How journaling, meditation and a spaceman can inspire pupils’ compassion and gratitude

A five-week programme of school-based activities promoting compassion and gratitude can have a noticeable effect on pupils’ attitudes and virtue literacy of two key virtues, according to a pilot study by the Jubilee Centre for Character and Virtues.

Students’ scores on a well-known measure of gratitude increased after a targeted gratitude intervention, most markedly in girls, according to the pilot’s preliminary results (see Appendix 1).

A comparison of mind maps completed by these 11 and 12-year-olds both before and after the teaching sessions also showed a significantly enhanced virtue literacy, i.e. understanding of the key concepts.

Individual children’s initial knowledge of compassion and gratitude, as expressed in the mind maps, was enriched by the process, leading to more nuanced diagrammatic representations of the virtues, suggesting wider comprehension and learning.

Exercises were undertaken during a pilot study for the Gratitude and Related Character Virtues project, being conducted by researchers at the Jubilee Centre.

This empirical study is embedded within a wider project that is looking at the relationship between gratitude and the “other-regarding” virtues of compassion, humility, generosity and forgiveness.
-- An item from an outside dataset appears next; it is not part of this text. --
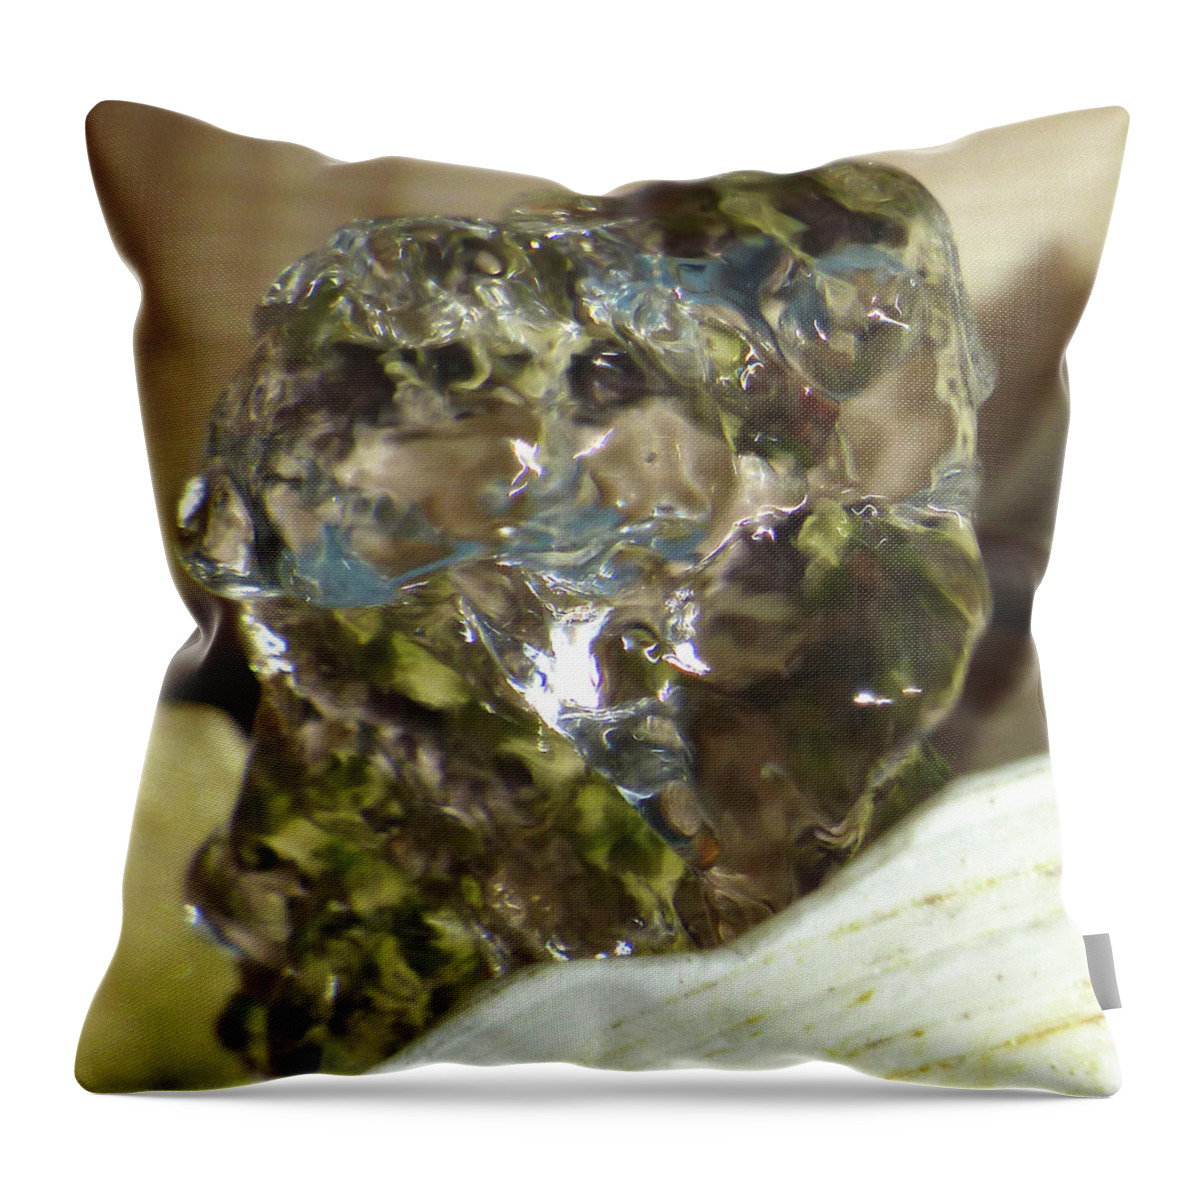 Abstracts Throw Pillow featuring the photograph Ladies Bathing by Amelia Racca

Research Fellow Dr Liz Gulliford is seeking to establish if teaching interventions designed to promote one of these virtues has the effect of increasing the others. The current empirical study focuses on compassion and gratitude within a secondary school setting.

The pilot shows gratitude scores increased in girls and boys who took part in the compassion intervention (Appendix 1). These students had not received any elements of the programme which targeted gratitude specifically, which suggests that these virtues are mutually enriching.

As with the pilot study, the main experimental study due to begin in the autumn will see two classes participating in either the gratitude or compassion intervention while a third will act as a control group in each school. As with the pilot study, teachers are provided with teaching handbooks, which focus on either promoting compassion or gratitude. These specially designed handbooks consist of short, engaging activities such as discussions, writing exercises (such as keeping a gratitude journal), drama and meditation or reflective periods designed to nurture caring and warmth.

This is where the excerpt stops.